● **Your assignment**
After removing every image, reproduce the data exactly as it appears.

● **Data extract**
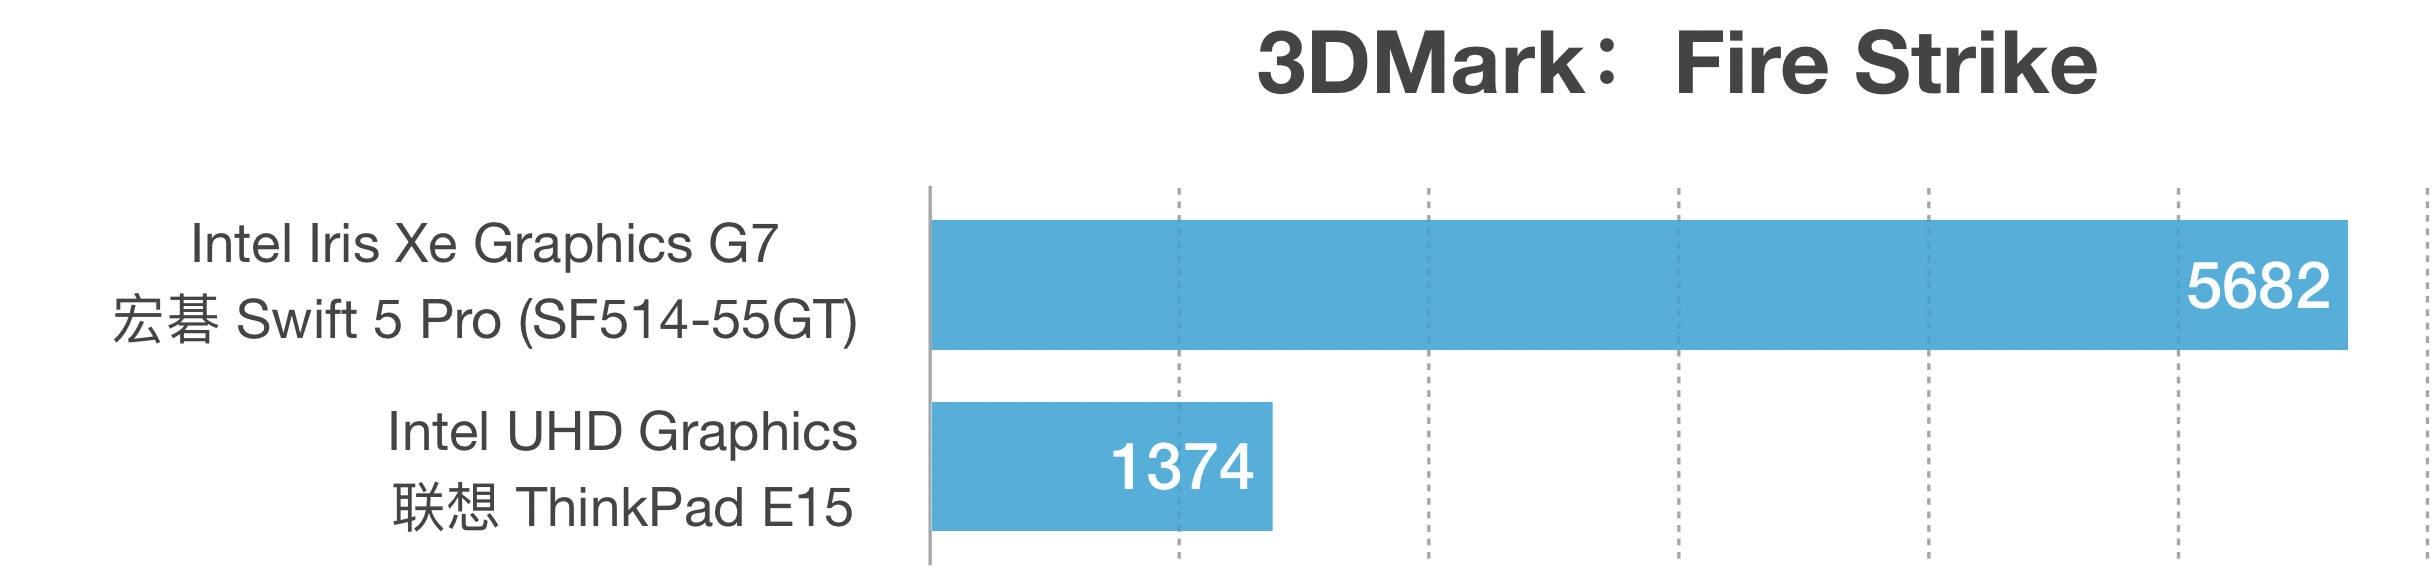 Iris Xe Graphics G7和UHD Graphics性能跑分对比评测
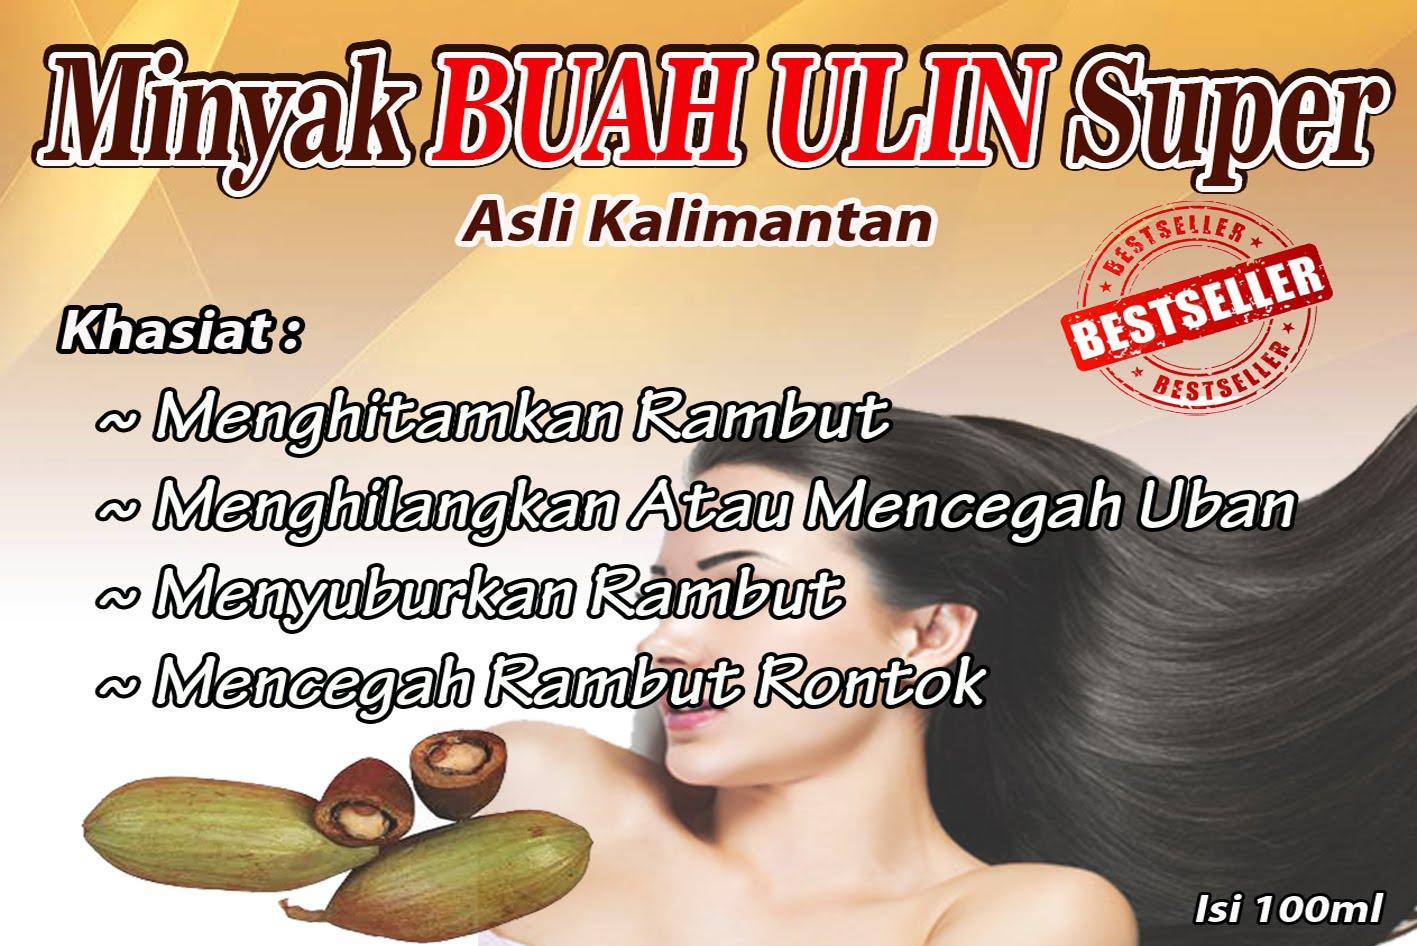 khasiat buah ulin
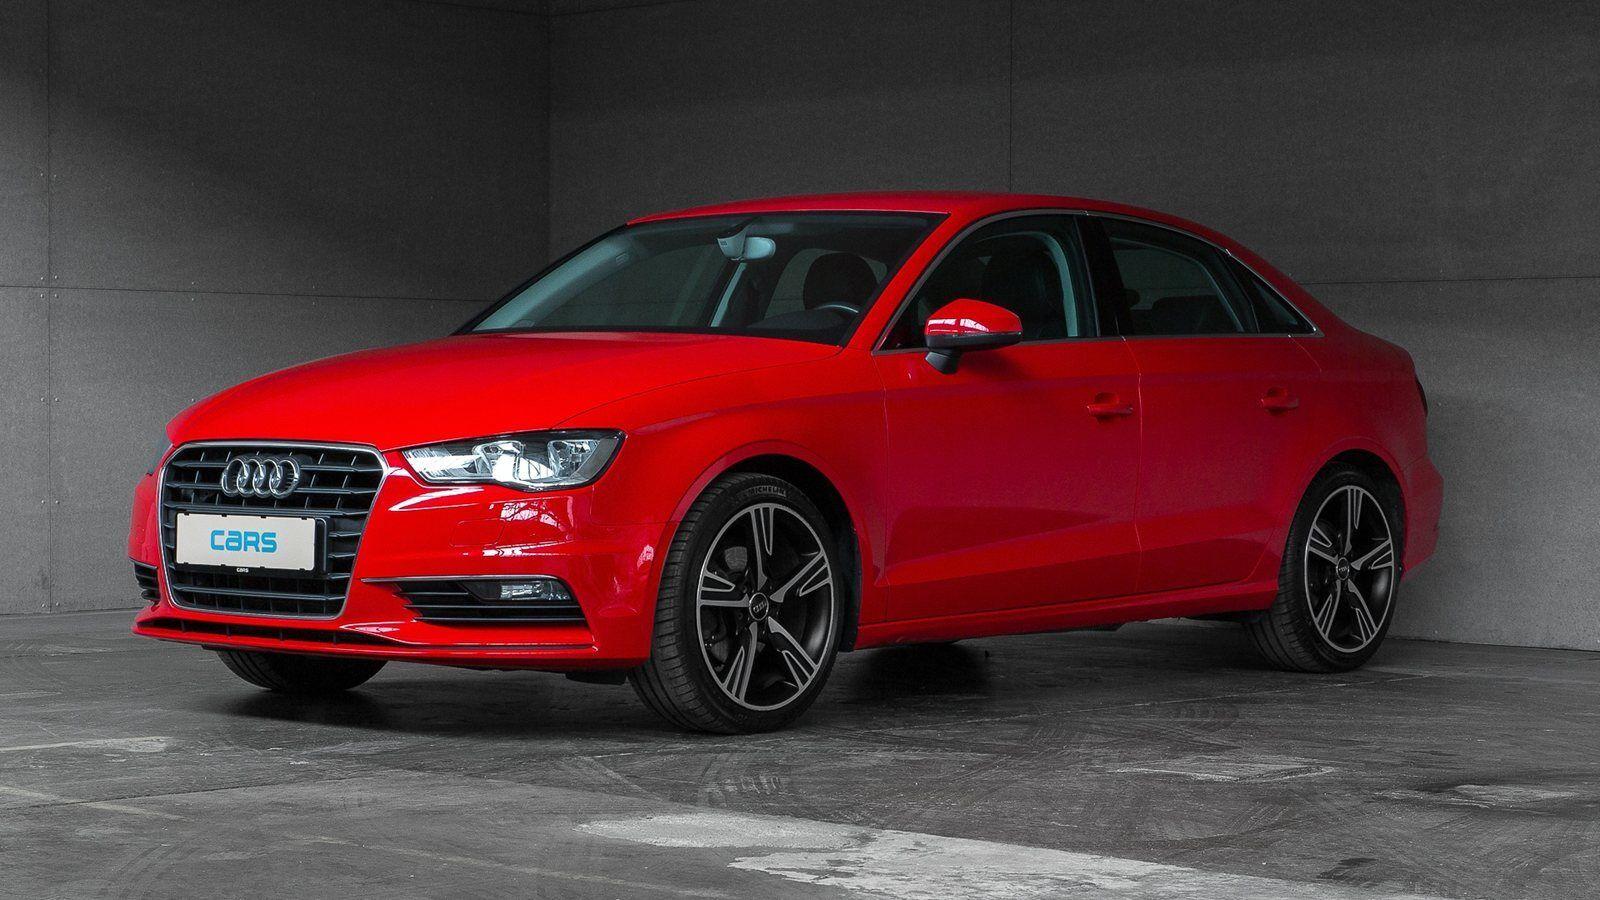 Audi A3 2,0 TDi 150 Ambition 4d - 199.700 kr.

● **Answer space**
 Iris Xe Graphics G7和UHD Graphics性能跑分对比评测
 khasiat buah ulin
 Audi A3 2,0 TDi 150 Ambition 4d - 199.700 kr.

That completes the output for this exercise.